Tapi meski begitu, itu sebenarnya adalah formula membuat ulang jika dilakukan terlalu banyak dikatakan membuat dunia permainan menjadi negatif. Apakah itu benar?

Bukti Menjual Nostalgia itu Menguntungkan

Rumus membuat ulang sebenarnya pertama kali diperkenalkan oleh industri film atau televisi. Biasanya produsen atau orang yang terlibat dalam industri melakukannya membuat ulang agar penonton mendapatkan sensasi baru dalam film lawas favoritnya. Beragam modifikasi bisa dilakukan dari cerita yang sedikit berbeda, menambah karakter, hingga mempercantik visual.

Sama! Di industri permainan juga kurang lebih seperti itulah dimana para pengembang dibesarkan kembali permainan waktu mereka lama tetapi dengan vermak di sana-sini untuk dibuat pemain permainan merasakan sensasi yang berbeda dari permainan sekolah tua.

Crash Bandicoot, Spyro the Dragon, Final Fantasy VII, Resident Evil 2, Resident Evil 3, atau Legenda Zelda adalah sebuah contoh permainan yang cukup berhasil di membuat ulang. Bahkan dari permainan yang saya sebutkan di atas, beberapa di antaranya berhasil memecahkan rekor menghibur PlayStation 4 sebagai permainan dengan penjualan tercepat.

Tentu saja, seperti yang saya katakan, nostalgia adalah ujung tombak Facebook permainan laris. Tentunya pendapat saya didukung oleh kalimat dari Asisten Profesor Bahasa Inggris di Regis University dan penulis buku tersebut Super Mario Bros 3, Alyse Knorr.

Menurut Knorr, faktor nostalgia memang menjadi hal yang luar biasa dalam penjualan video permainan. Pasalnya, orang yang sudah tua pun akan merasa seperti anak-anak kembali, seperti saat mereka mencobanya permainan ini pertama kali.

“Mengunjungi hal-hal virtual memang bisa membuat nostalgia lebih kuat. Anda akan kembali ke masa itu, ketika Anda masih anak-anak, ”katanya.

Keuntungannya, nostalgia juga bisa didukung oleh angka penjualan membuat ulang game itu gila. Resident Evil 2: Buat ulang mampu menjual sebanyak 6,6 juta menyalin di seluruh dunia bahkan lebih dari aslinya. Bahkan karena kegagalan Resident Evil 3 di pasar, permainan ini masih bisa laku sampai 2,5 juta menyalin, meski baru dirilis April lalu.

Dengan sebuah konsep membuat ulang dan branding nostalgia, developernya juga nggak cuma jualan dan remake aja permainan, tetapi juga membuat ulang menghibur yang dianggap mudah diingat.

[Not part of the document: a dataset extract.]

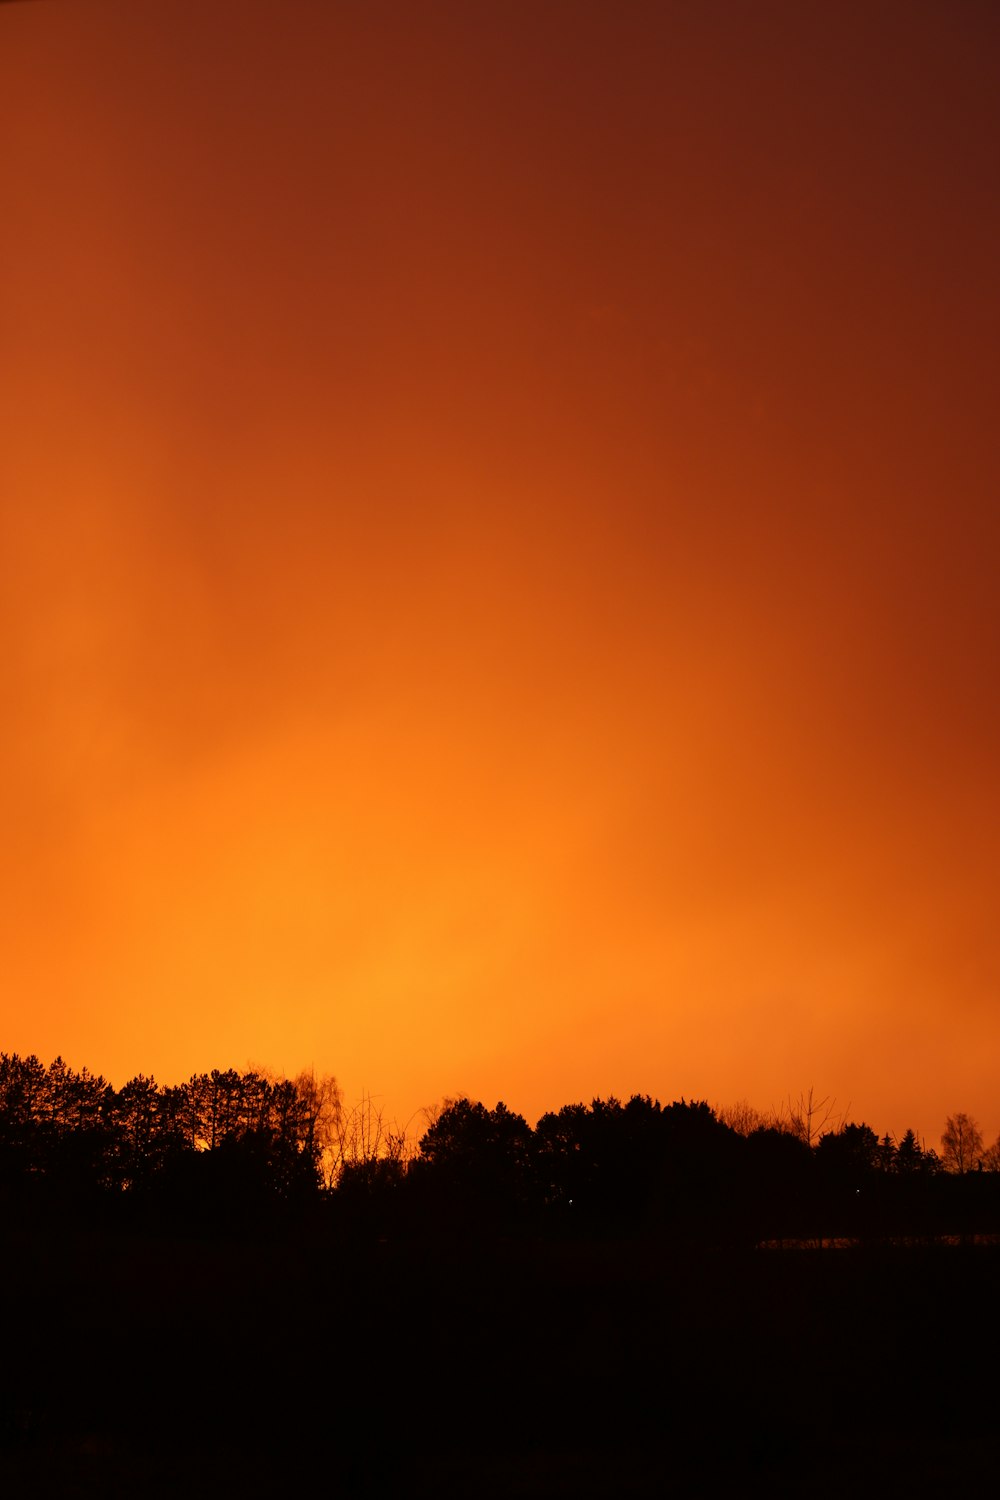 an orange sky with trees in the background

Nintendo pertama kali membuat terobosan ini dengan menjual replika menghibur NES. Banyak yang tertarik dengan ide itu dan lagi menghibur laris manis. Langkah ini kemudian diikuti oleh Sega dan Sony yang juga membuatnya konsol yang berkesan mereka, seperti Nintendo.

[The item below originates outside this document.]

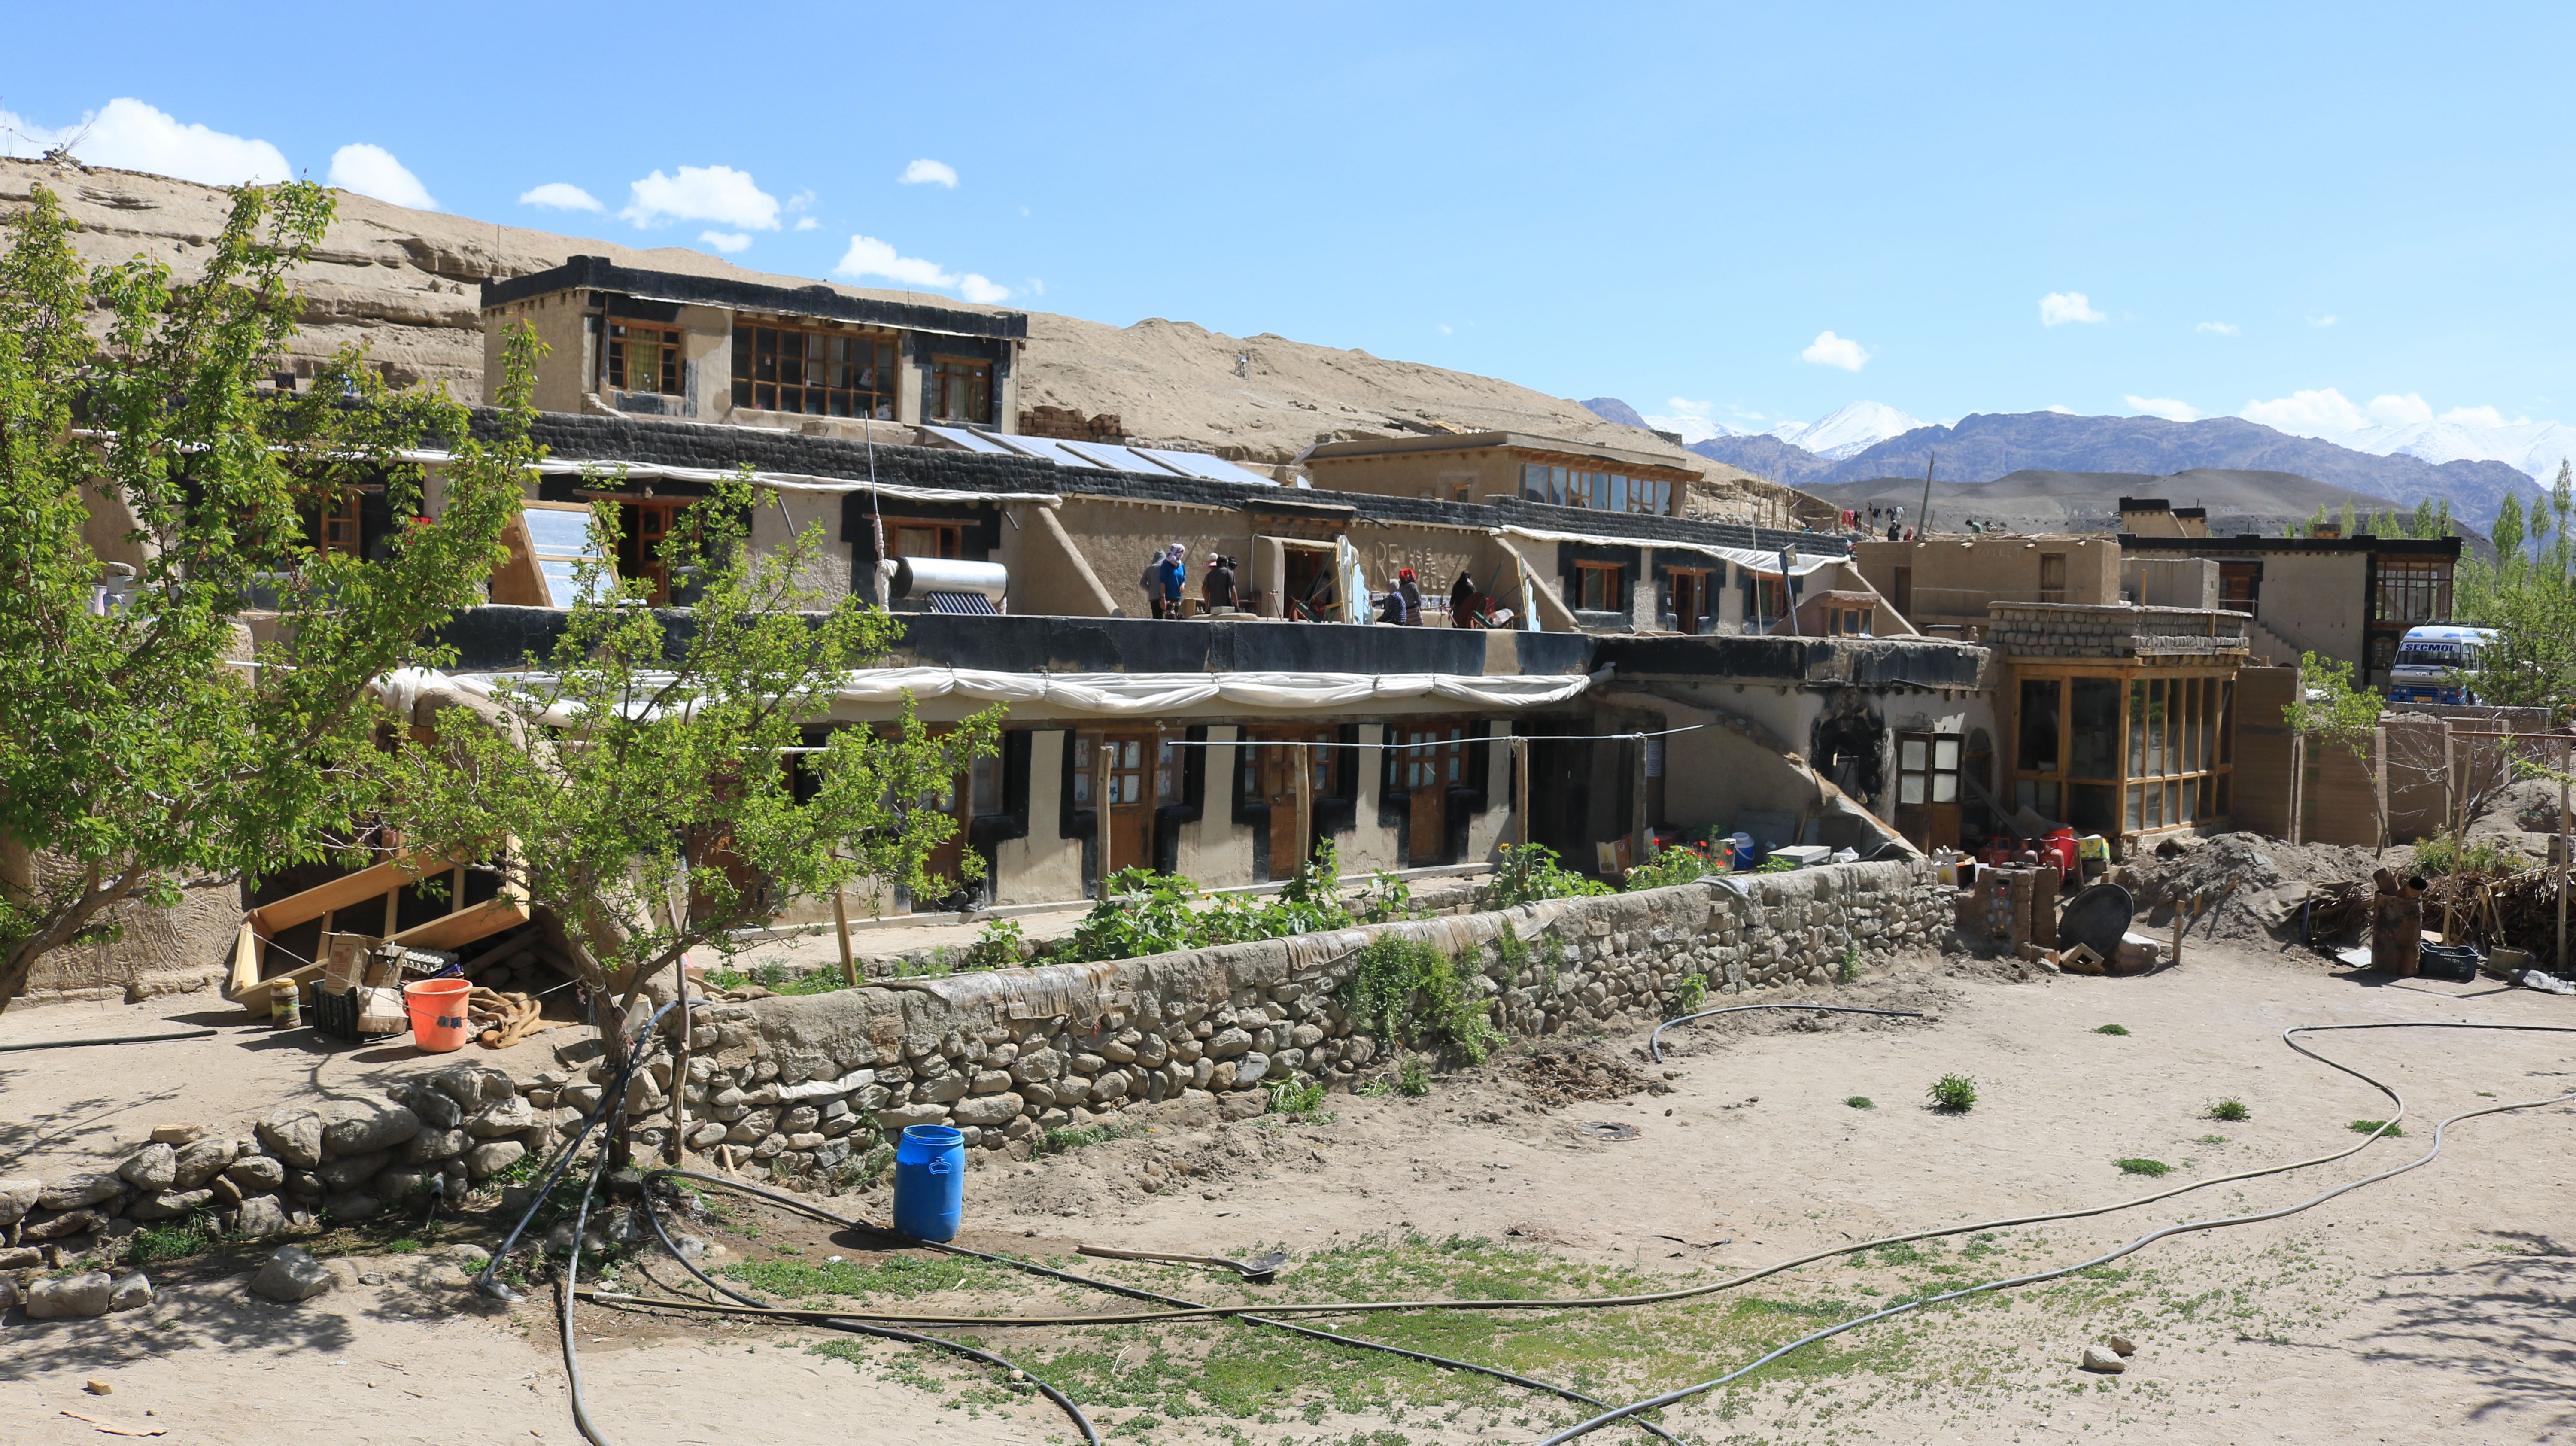 SECMOL campus has grown in Phey, an eco-village in Leh district, powered by solar technology. Image by Palak Barmaiya. India, 2017

Menurut Director of Game and VR / AR Research dari IDC Technology Market Research Firm, Lewis Ward, nostalgia memang menjadi daya tarik tersendiri bagi pemain permainan sehingga jika remake barang berumur 10 atau 20 tahun laku, otomatis akan ludes.

“Menyaksikan sesuatu yang sudah lama tidak terlihat, akan membuat gelombang nostalgia datang sangat kuat. Ini membuka peluang untuk menjualnya kepada fans lama maupun fans baru yang belum pernah memainkannya, ”ucapnya.

Memiliki Kontradiksi

Meskipun membuat ulang Trik pemasaran baru hari ini yang jelas akan menguntungkan, tetapi di sisi lain, ada gelombang kontradiksi yang juga mengelilingi metode ini. membuat ulang ini. Menurut beberapa, melakukan membuat ulang terus menerus akan menghambat kreativitas. Saya sendiri setuju dengan ungkapan ini karena meskipun saya membuat karya dari nol lagi, pengembang tetap memiliki ide yang bagus, misalnya dari segi cerita yang pasti disukai oleh pemain permainan dan juga karakter di dalamnya permainan yang sudah punya modal kuat.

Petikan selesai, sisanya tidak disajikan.